The Global Islamic Fintech Report 2025/26, produced by DinarStandard and Elipses, estimates transaction volumes at $198bn in 2024/25, with annual growth of 11.5 per cent through 2029, marginally above the broader fintech sector’s projected 11 per cent rate. Under the Global Islamic Fintech Index, which assesses talent, regulation, infrastructure, market maturity and capital availability, Saudi Arabia, Malaysia and the UAE rank among the most conducive ecosystems. Gulf Cooperation Council economies are described as intensifying efforts to position the region as a hub for Shariah-compliant financial technology.

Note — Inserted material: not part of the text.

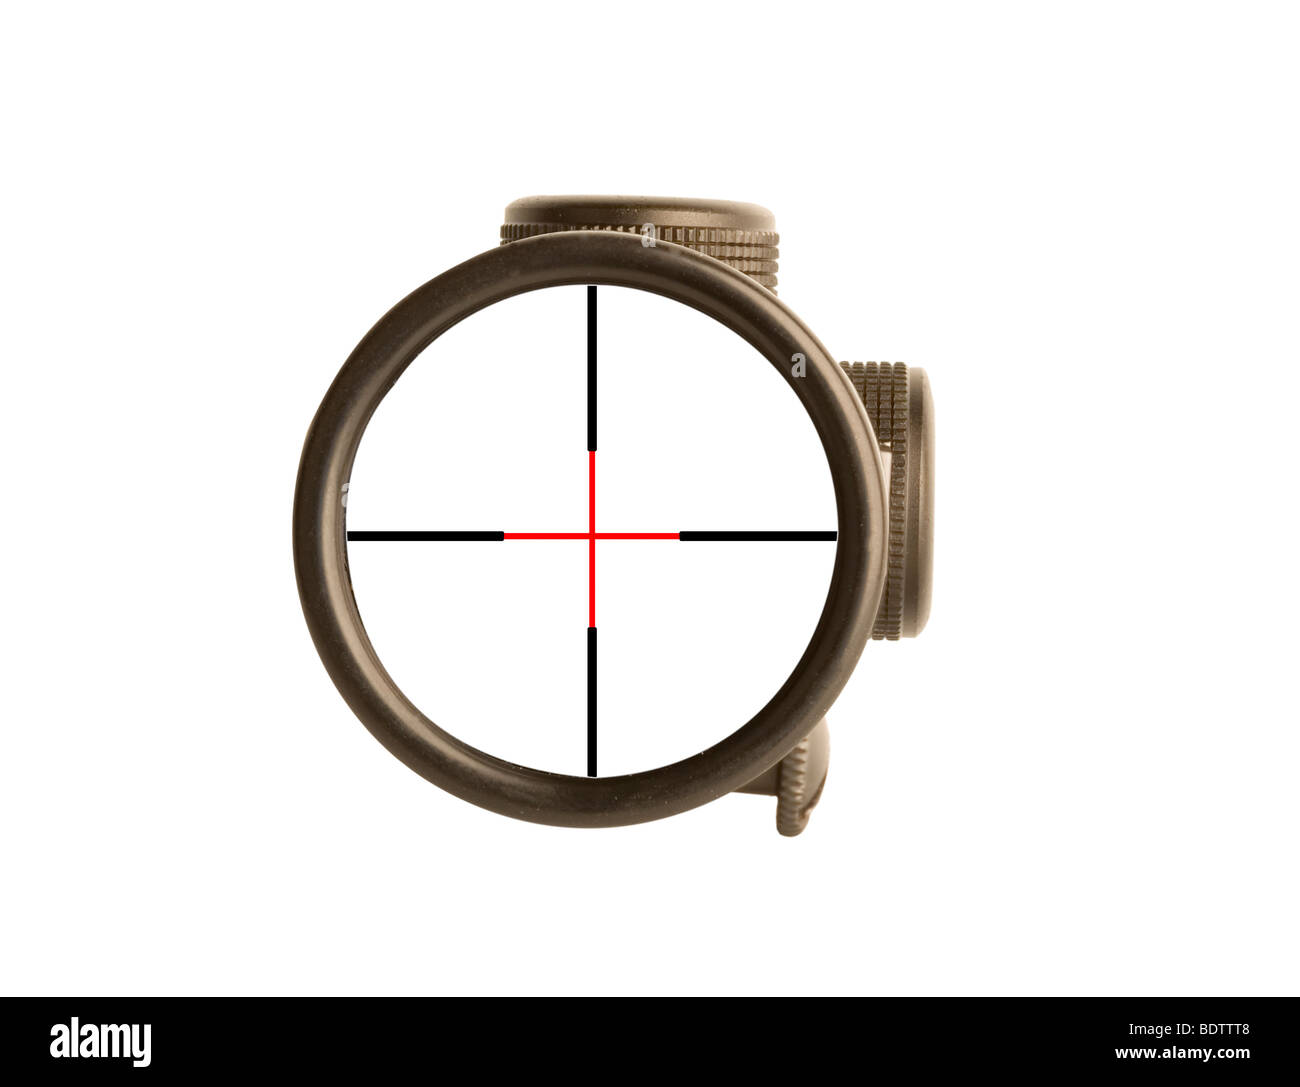 Image d'une portée de fusil de la vue utilisée pour viser avec une arme Banque D'Images

The sector now comprises 484 firms worldwide, with 30 identified as notable players based on innovation, funding and geographic expansion. Saudi Arabia, Iran, Malaysia and the UAE rank among the top 10 markets by transaction volume, alongside Indonesia, Kuwait, Turkiye, Bangladesh, Pakistan and Qatar. Industry participants cite access to capital, regulatory compliance, limited customer education and high acquisition costs as key constraints.
Digital assets are identified as a significant growth frontier. Stablecoins had a combined market capitalisation of approximately $317bn in early 2026, while tokenised real-world assets stood at about $4.31bn. The report highlights increasing focus on stablecoins and central bank digital currencies for settlement, and on tokenisation for distributing real-world assets within Shariah governance frameworks. Fitch estimates outstanding sukuk surpassed $1tn in the third quarter of 2025, suggesting that even migrating 1 to 5 per cent of issuance on-chain could represent $9bn to $45bn in assets.
Regulatory initiatives are advancing in parallel. Abu Dhabi’s FIDA cluster aims to build institutional-grade digital asset infrastructure under supervision, while the UAE has launched its Digital Dirham initiative and Malaysia has published a discussion paper on asset tokenisation. The report concludes that sustained growth will depend on embedding Shariah oversight into operational systems, strengthening legal enforceability of tokenised ownership and aligning compliance with scalable distribution models.